On the eve of Thanksgiving the thing I am most thankful for is that tomorrow I will be cooking in a handmade pig print apron and footsie jammies.
Take a brief moment to soak that up.
Oh and please note the exessive drinking that usually occurs as well.
Except I have been punished by the Catholic Gods and have to work on Friday.
A day I usually spend sleeping off the 20-30 pounds of food I consumed and avoiding the public like a plague.
Anyway I digress, back to what I am thankful for.
Let me list a few of the obvious and then get to business.
I am thankful for the fact that I have a job to come to every day, now if said job wanted to give me a sweet raise and an allotted nap time I wouldn't be opposed.
Speaking of naps I am pretty thankful for those.
I am thankful for my family. Without them I would be nothing.
I am thankful for my best friends who will listen to me rant, rave, and cry about the same thing for 9 months and not tell me to shut my dirty trap. (I'm talking to you Marni, Sarah and Trashley)

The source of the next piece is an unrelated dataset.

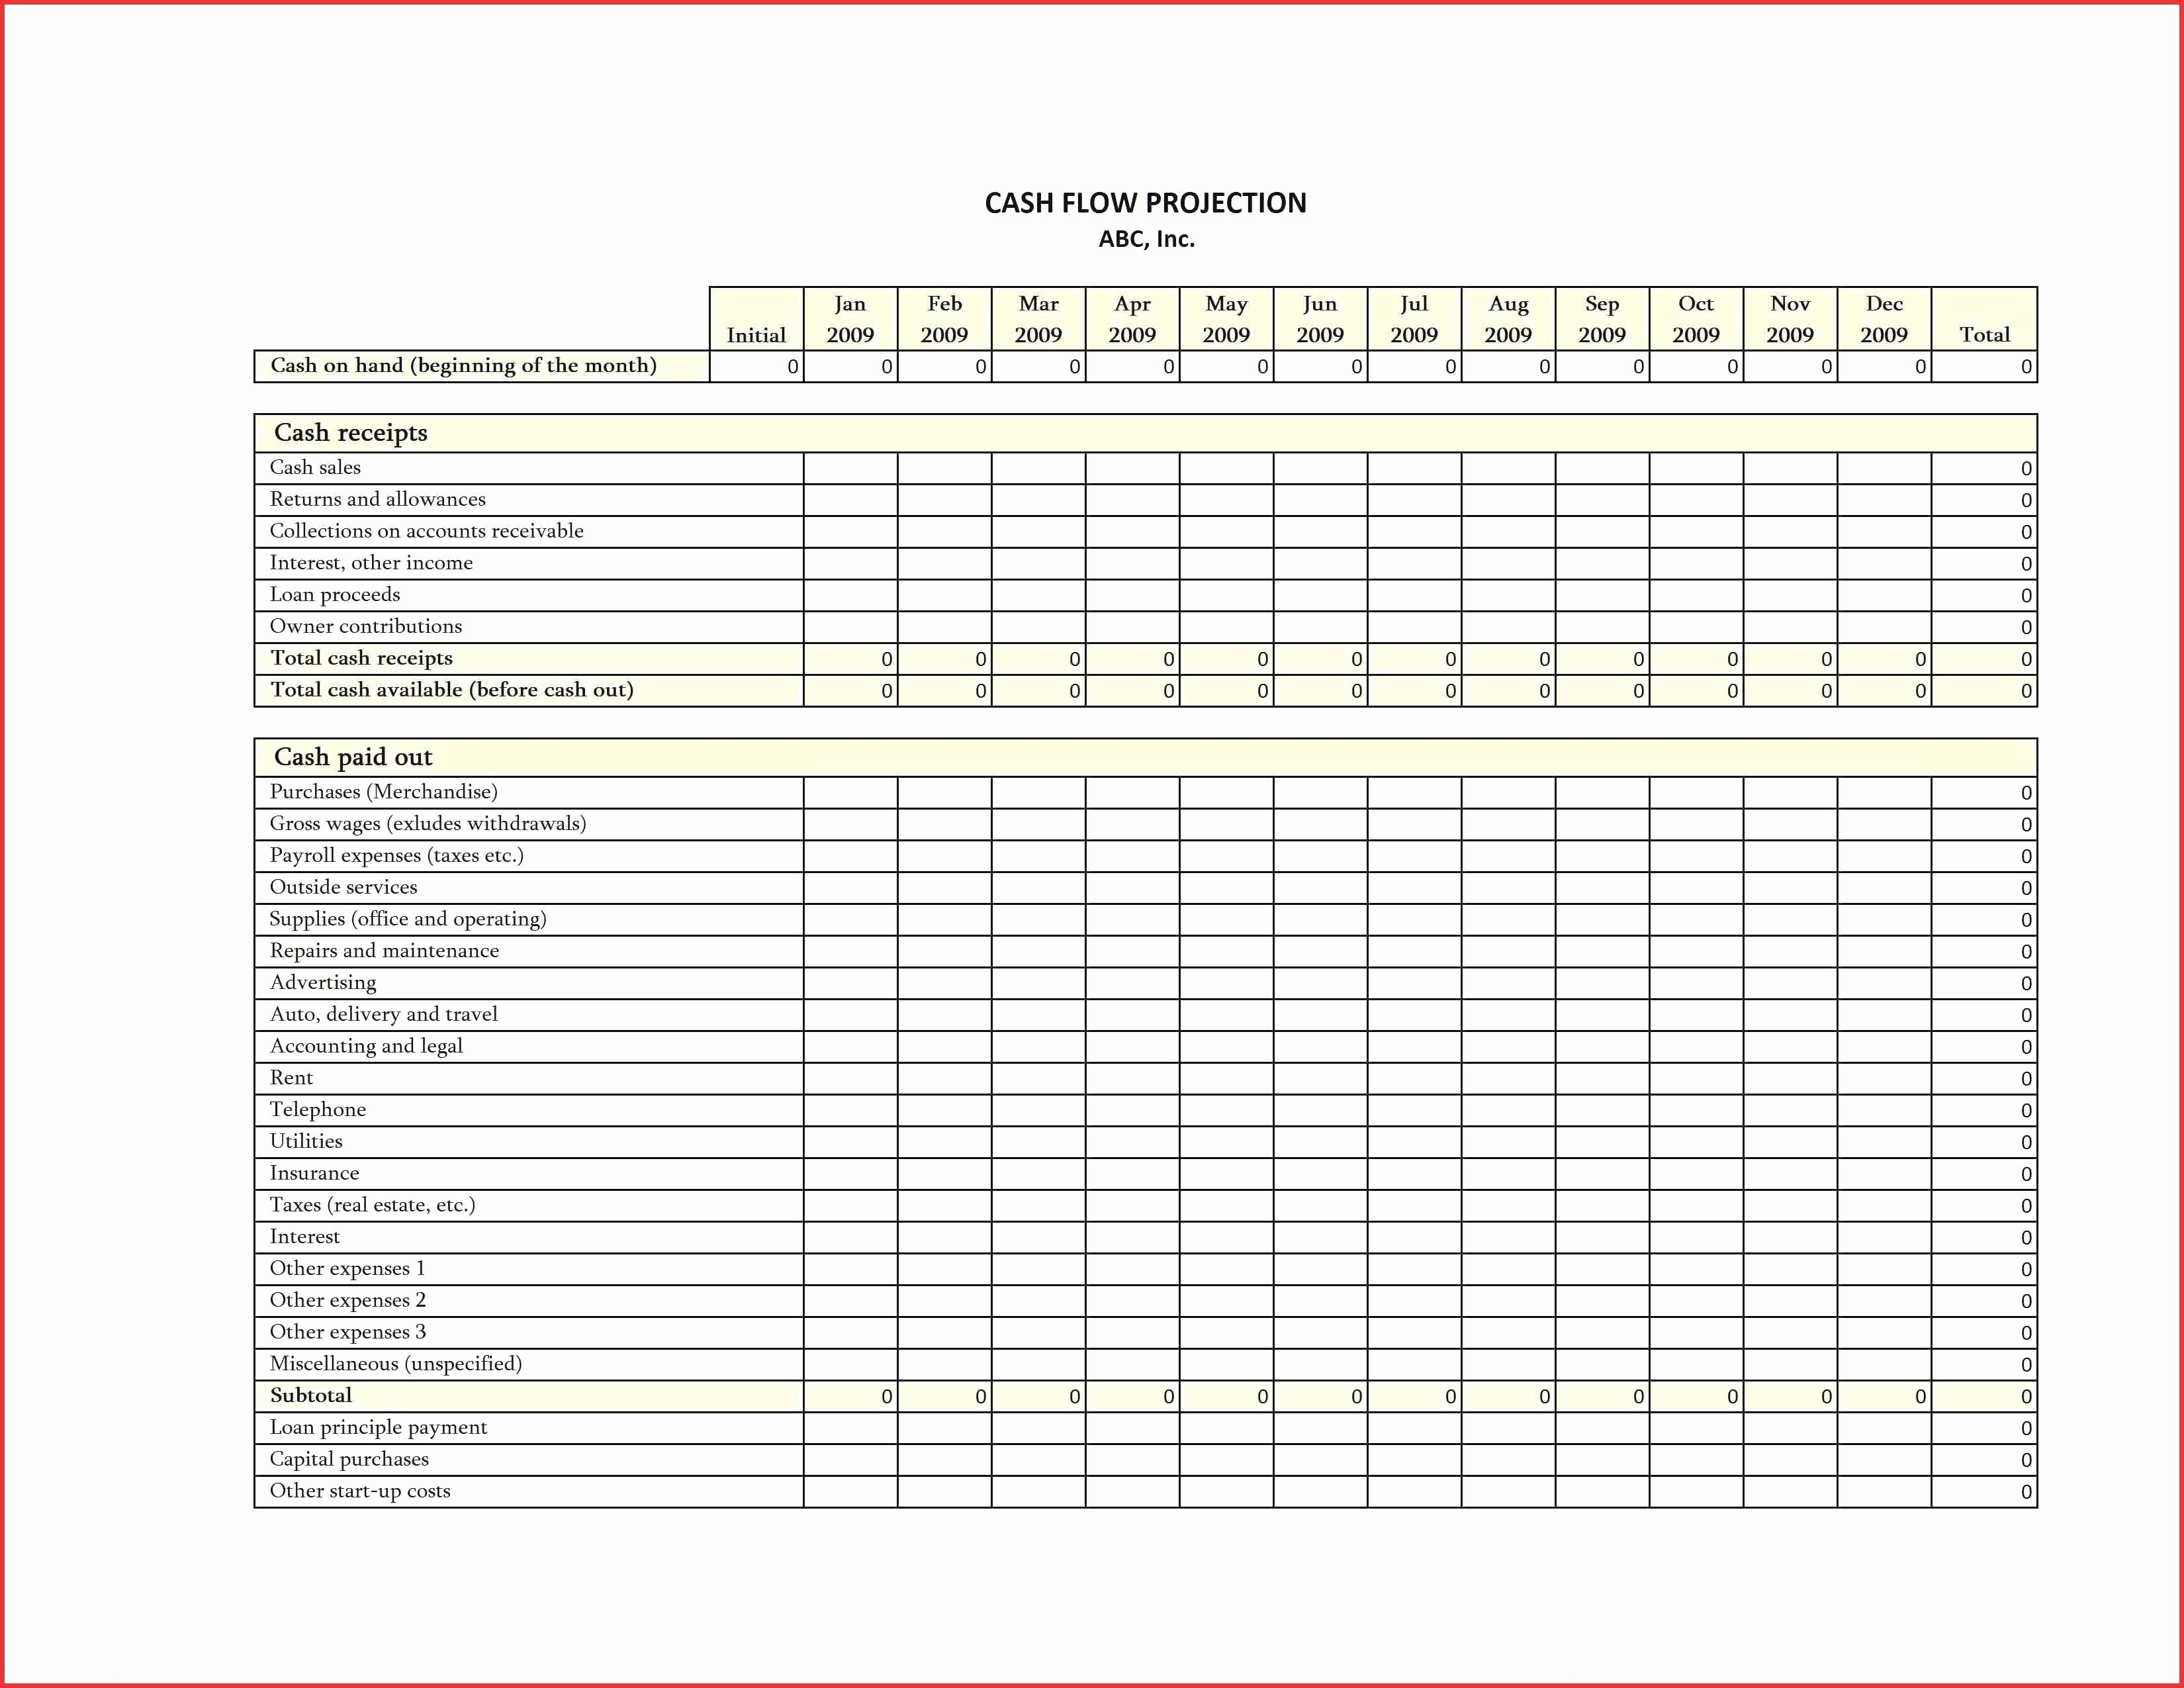 tax-spreadsheet-for-small-business-for-small-business-tax-spreadsheet-template-best-business
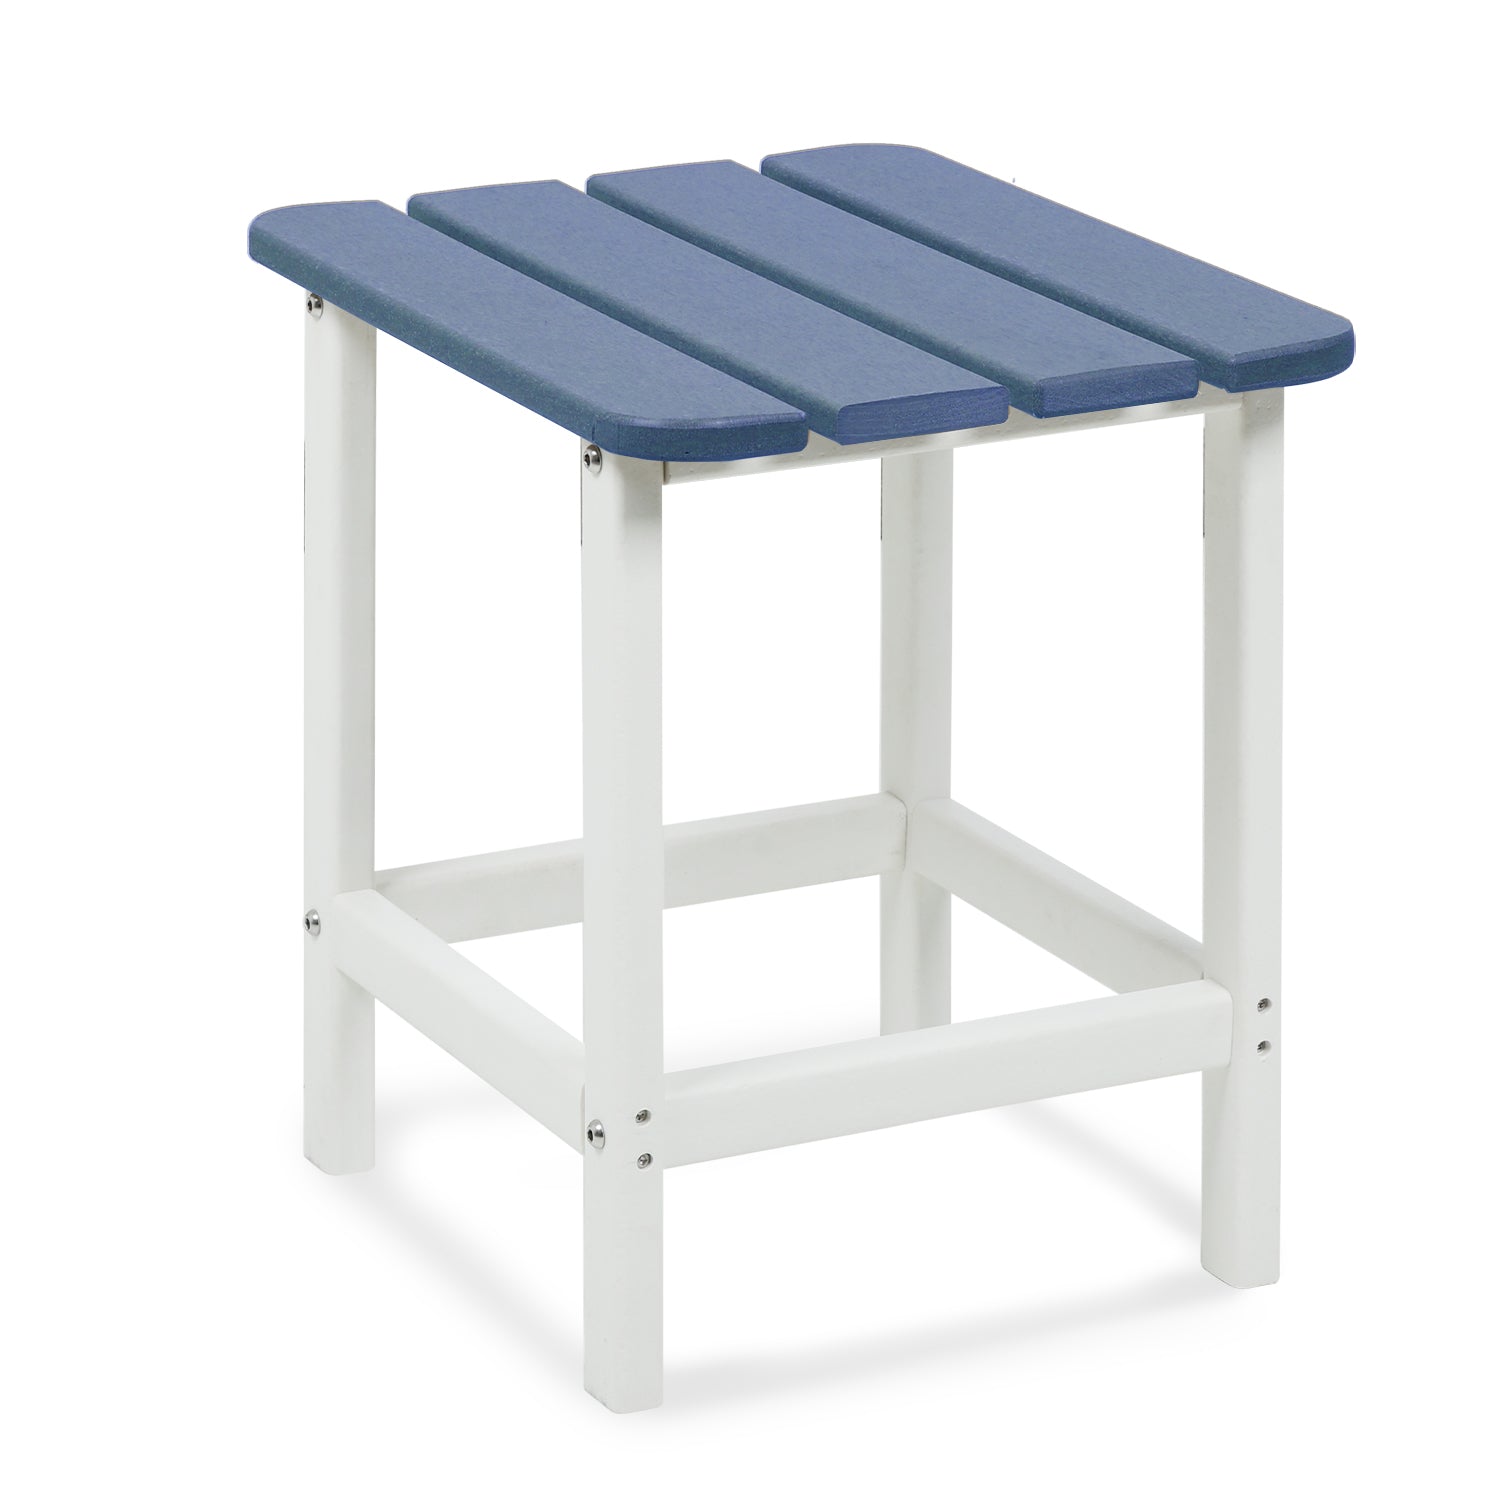 Outdoor Side Table, Square Adirondack Patio End Table for Patio, Pool, Porch Furniture Aoodor Blue

I'm thankful for a few of my favorite men who have gotten me through the last few months. Jack, Jerry, and Vodka. Thanks for always being there when I need you.
I am especially thankful for Duck Dynasty. I have never in my life wanted to embrace my redneckness more than when I sit in front of my TV for a Duck Dynasty marathon.
And lastly I am thankful for Target for making footsie jammies my size.
Let me elaborate.
It may or may not be a huge secret that I love footsie jammies.
Something about running around in a onesie puts a smile on my face.
The best part?
I can totally buy footsie jammies from the little boys section.
Boys XL yeah buddy!
The only issue is for some reason Target seems to believe that a 10 year old little boy has feet the size of Lebron James.
News flash... THEY DON'T.
So I always have to cut half the foot off.
So I guess you could call them peep toe jammies.
Yeah, thats what you could call them.
I realized I might have a problem with the ole peep toe jammies when things like this started surfacing
|It was my birthday don't judge.|
This should have been when I stopped drinking. Unfortunately it wasn't. please note Trashley's look of disdain.
And that my friends is why I think it might be time to lay low on the footsie jammies. But probably not.
Happy thanksgiving turkey nuggets or in my case bacon because I'm all about being original and am serving a bacon wrapped ham in place of that bird.